What you have to do> Copy the listing exactly, please, and keep every picture out of it.

Given data>
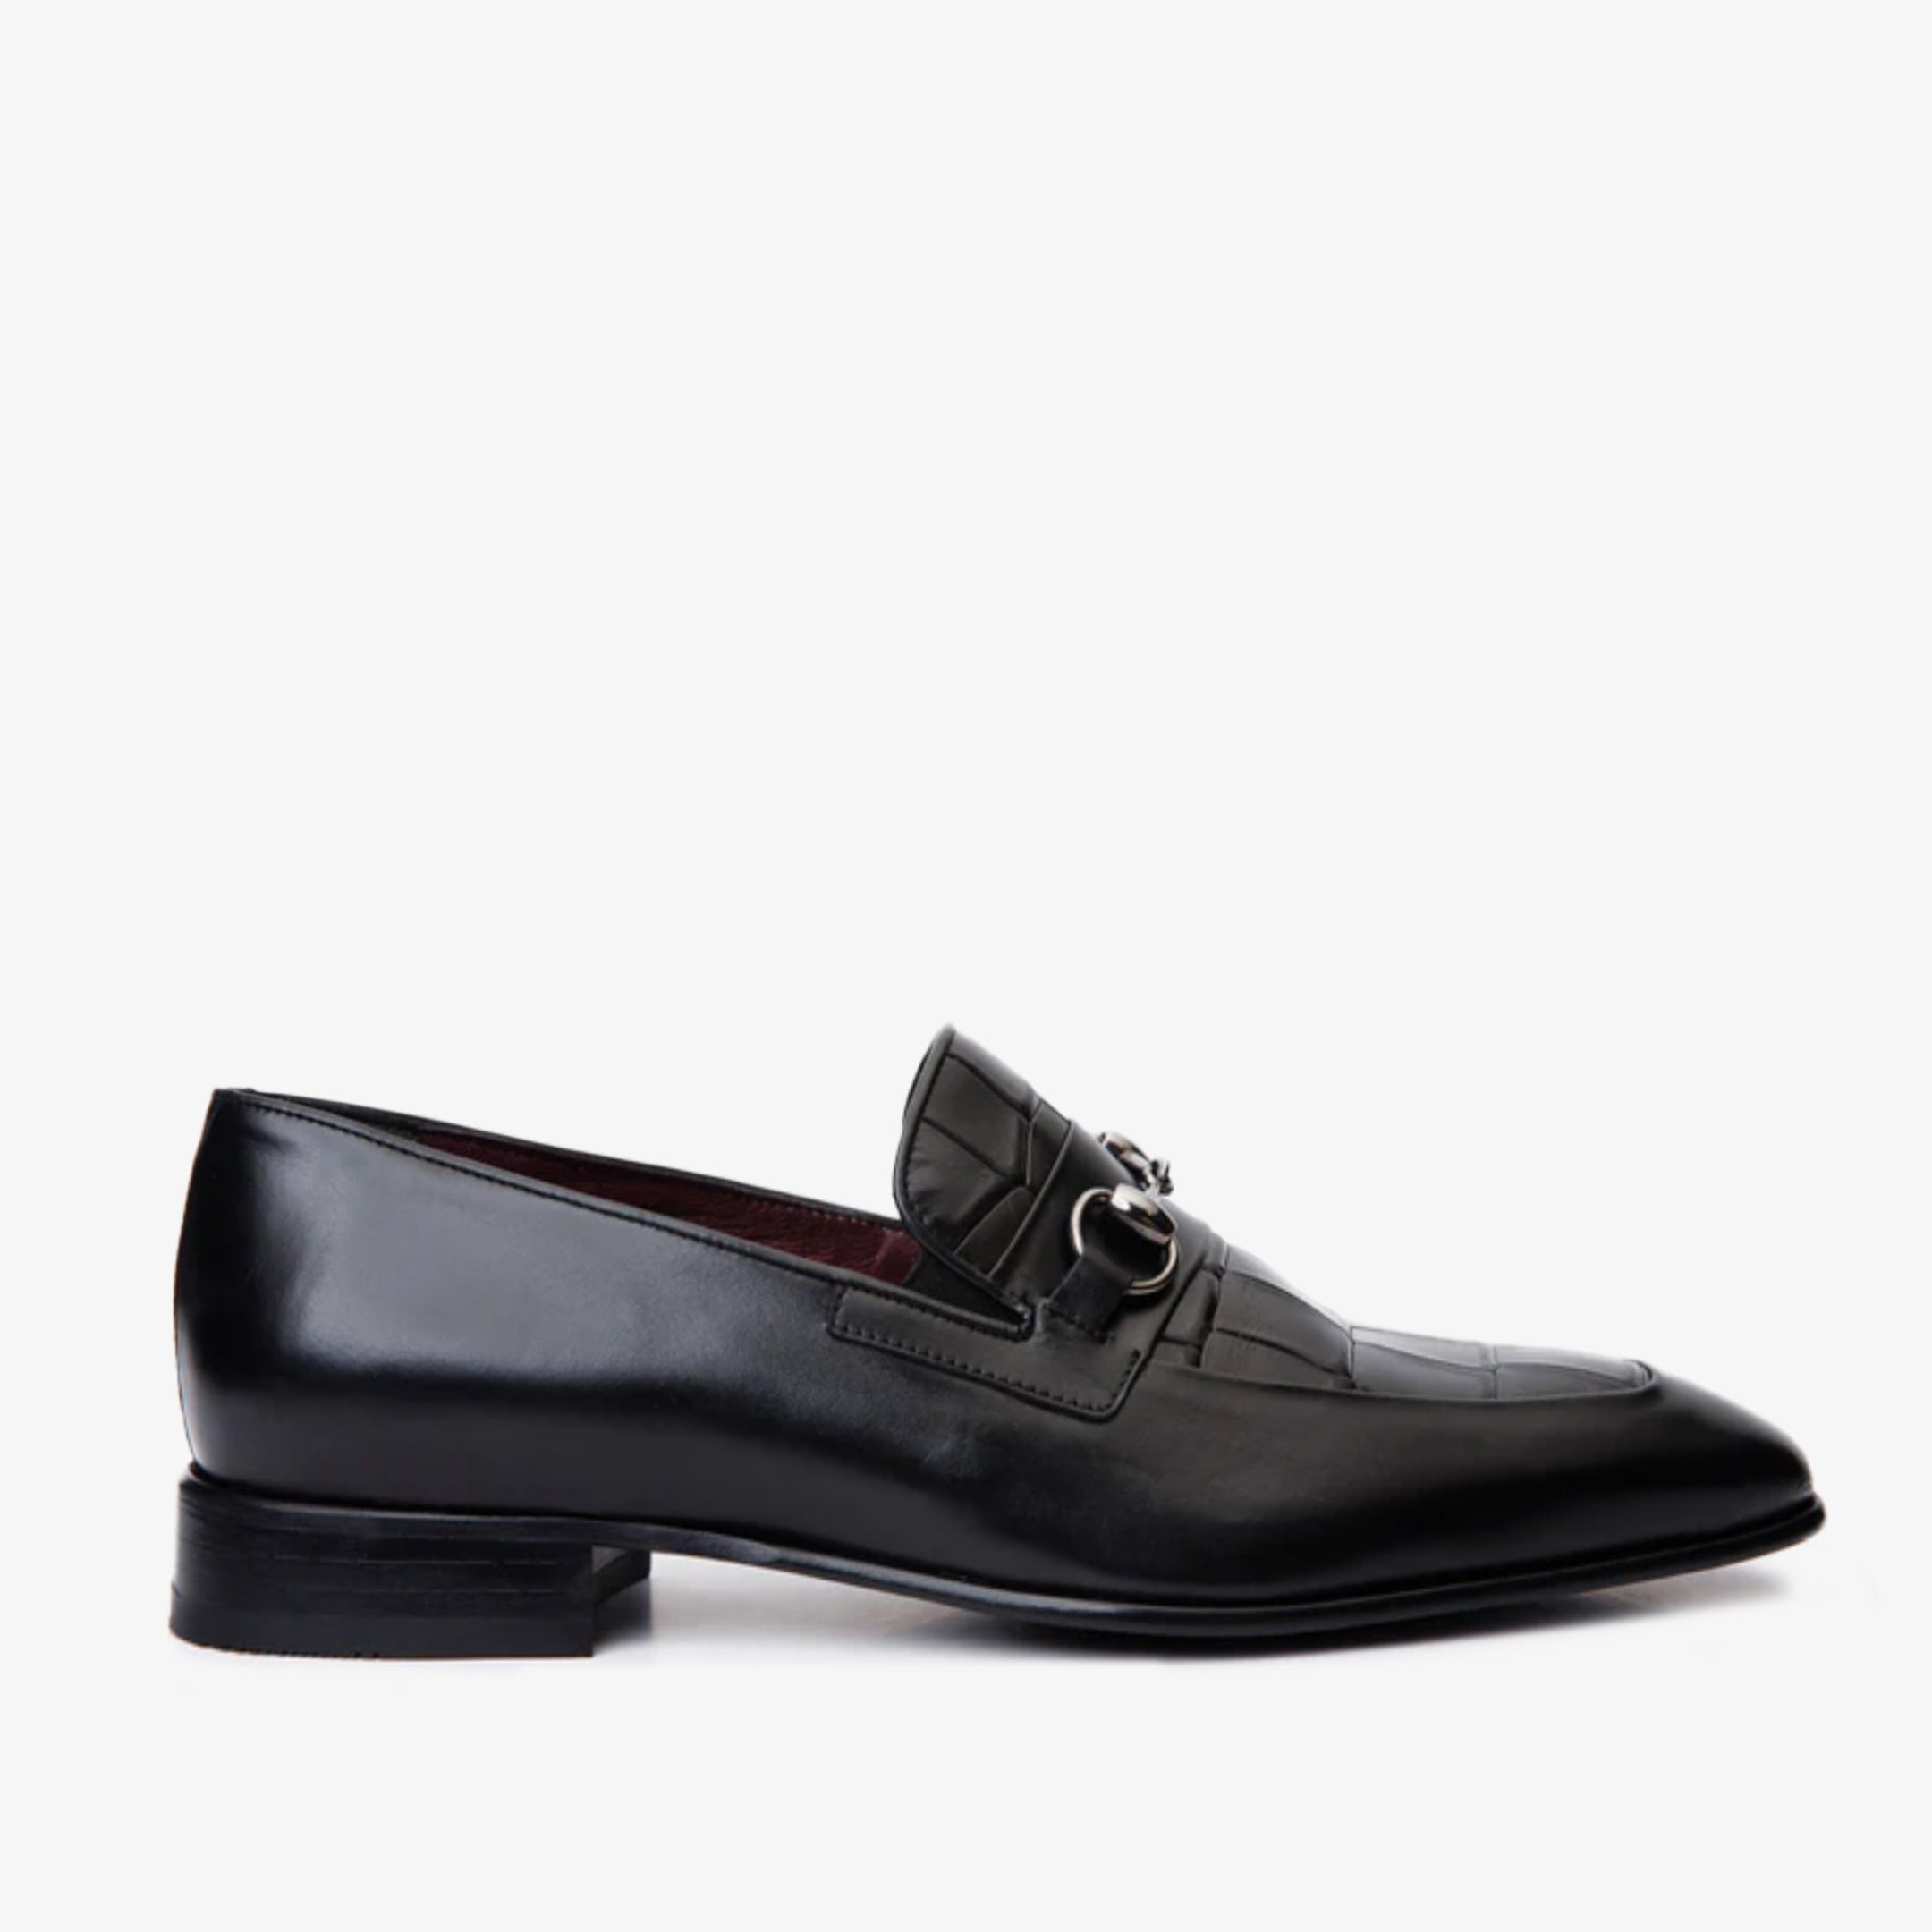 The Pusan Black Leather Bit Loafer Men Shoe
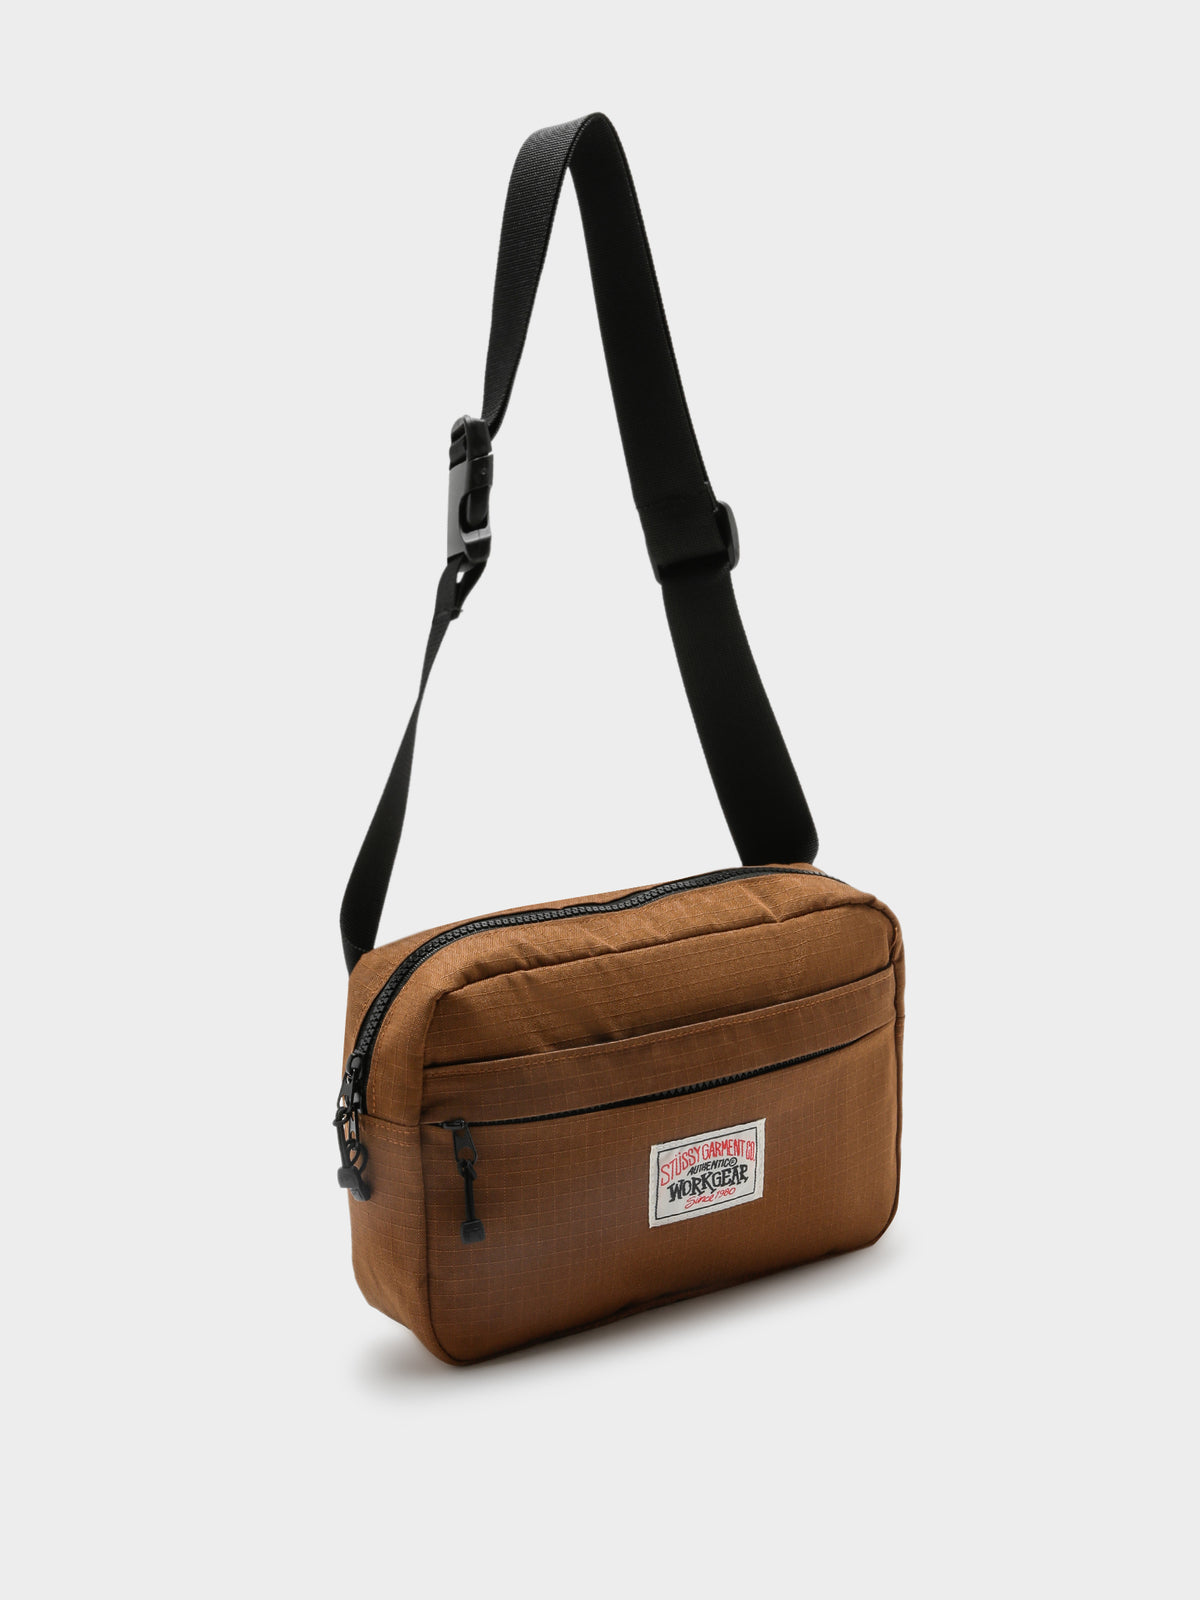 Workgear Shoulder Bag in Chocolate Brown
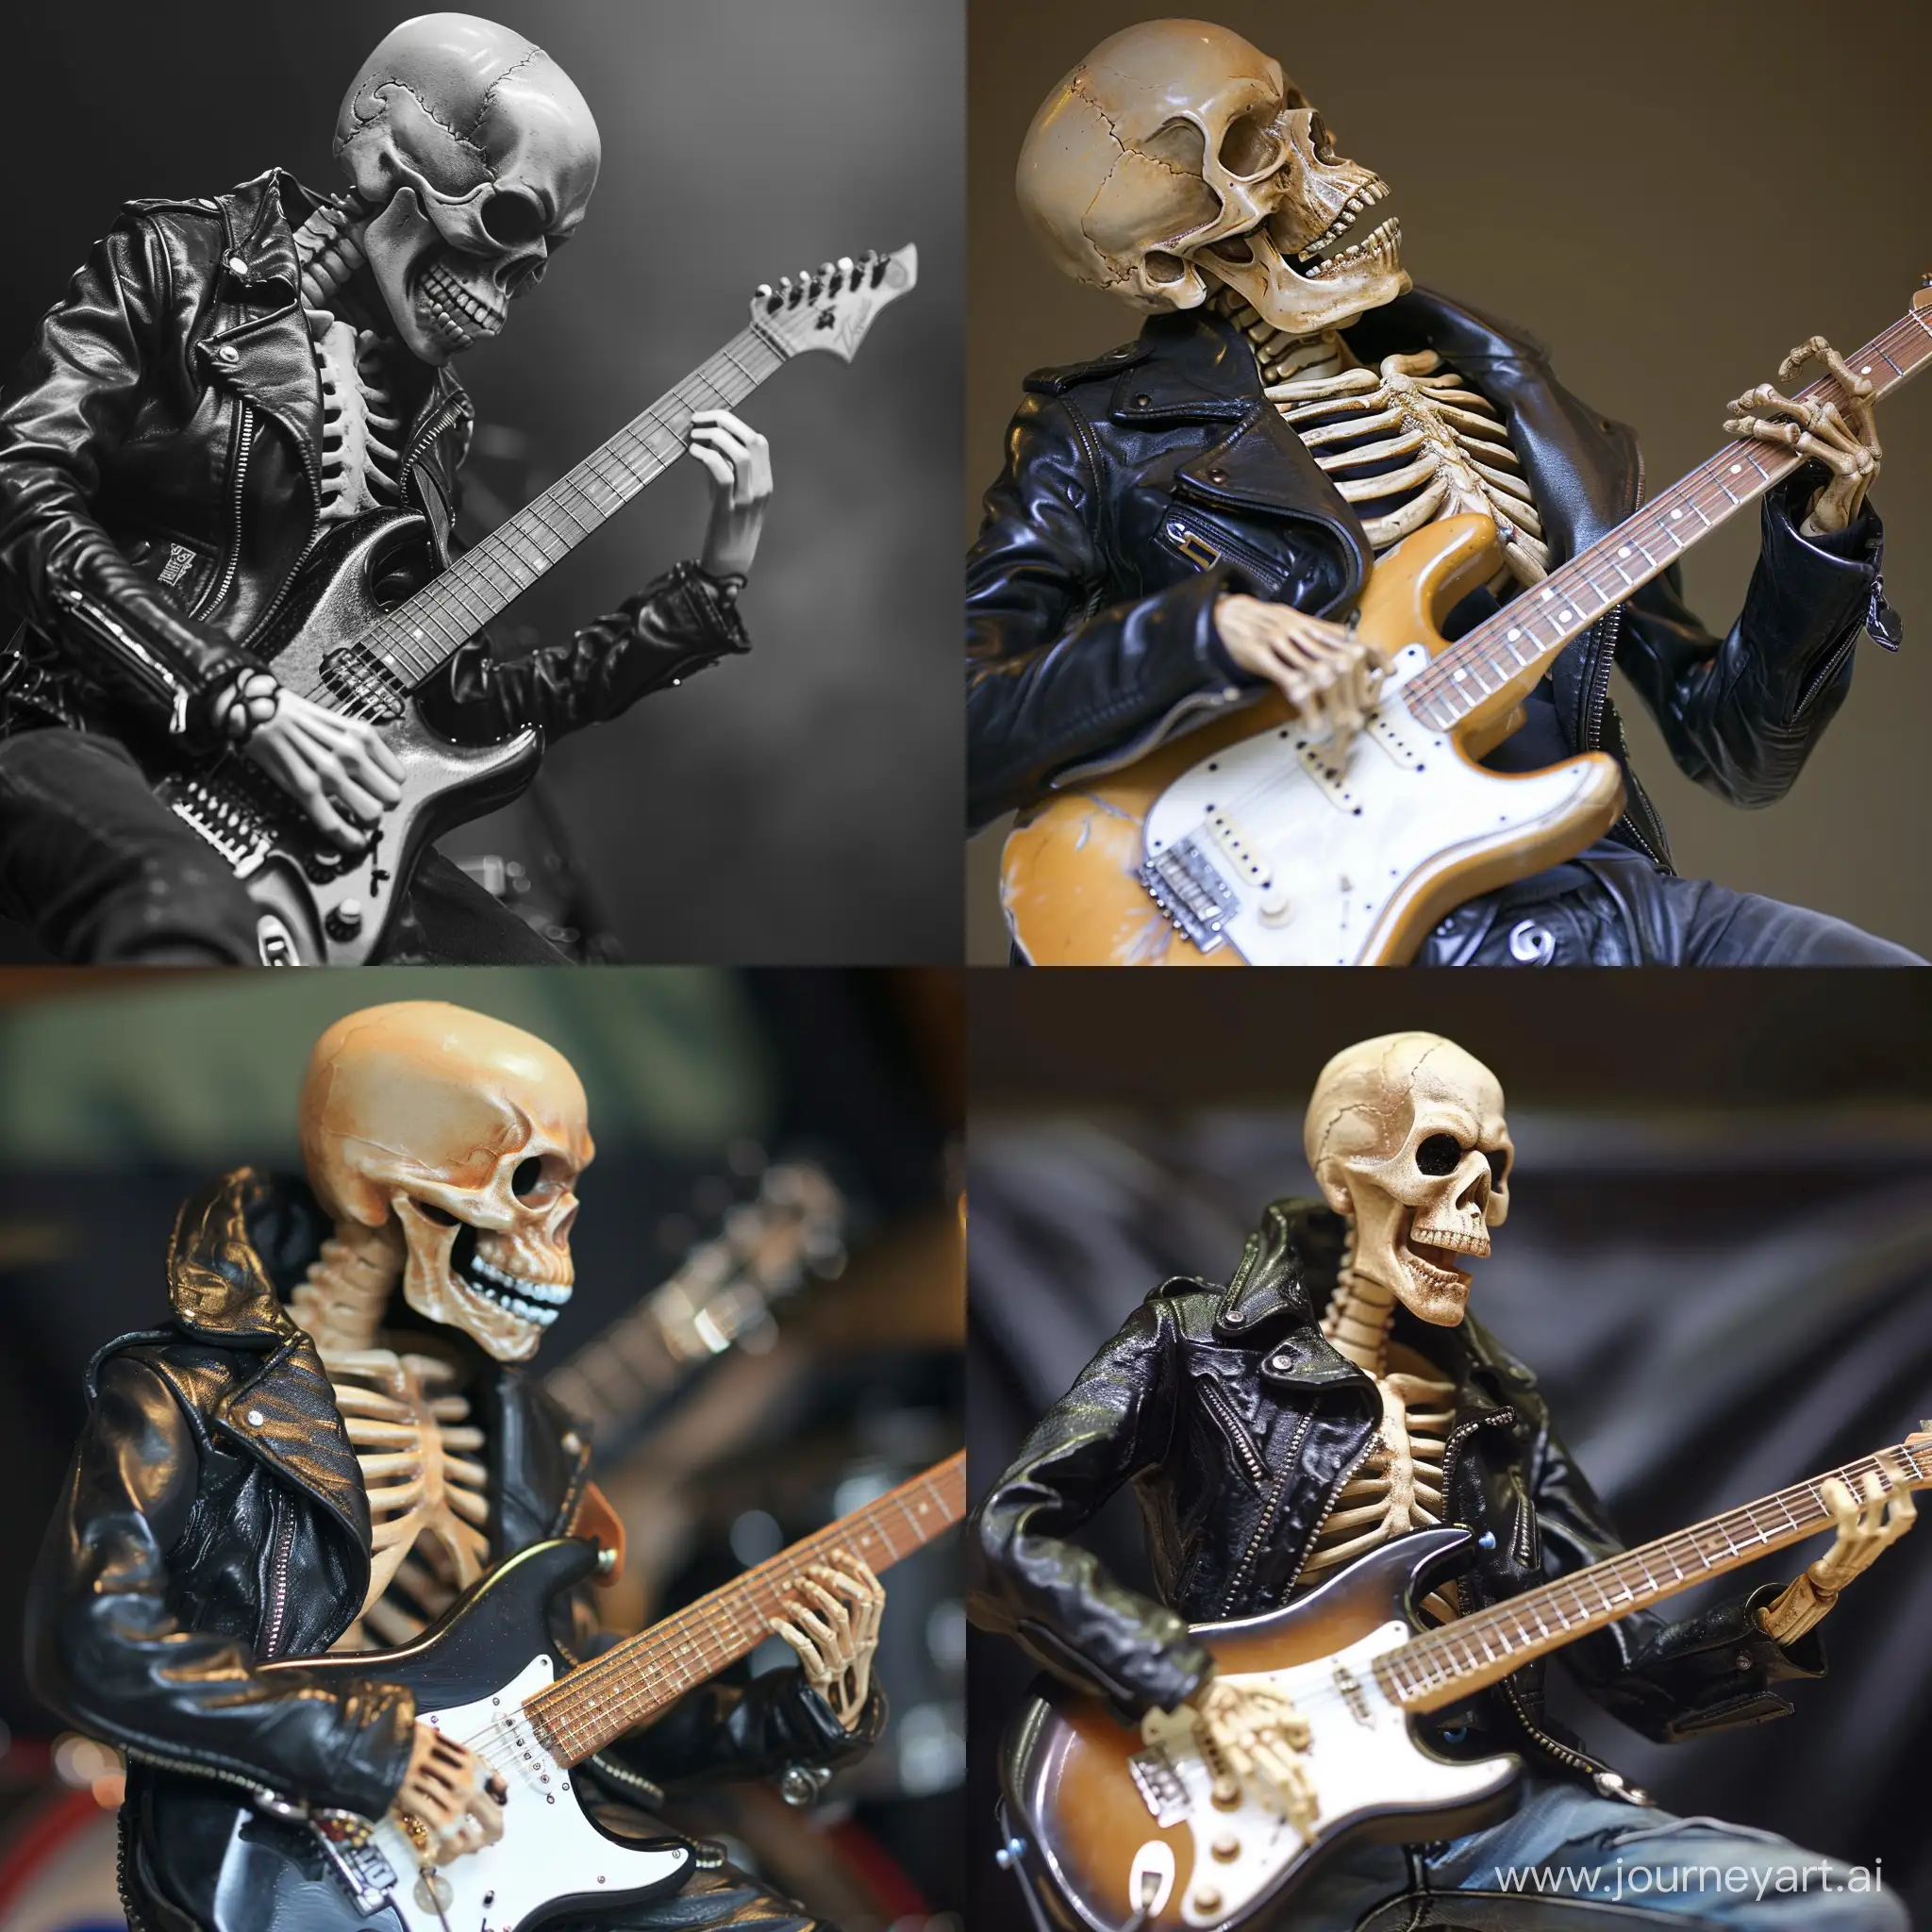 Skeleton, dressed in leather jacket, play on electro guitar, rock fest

Result for this task>
 The Pusan Black Leather Bit Loafer Men Shoe
 Workgear Shoulder Bag in Chocolate Brown
 Skeleton, dressed in leather jacket, play on electro guitar, rock fest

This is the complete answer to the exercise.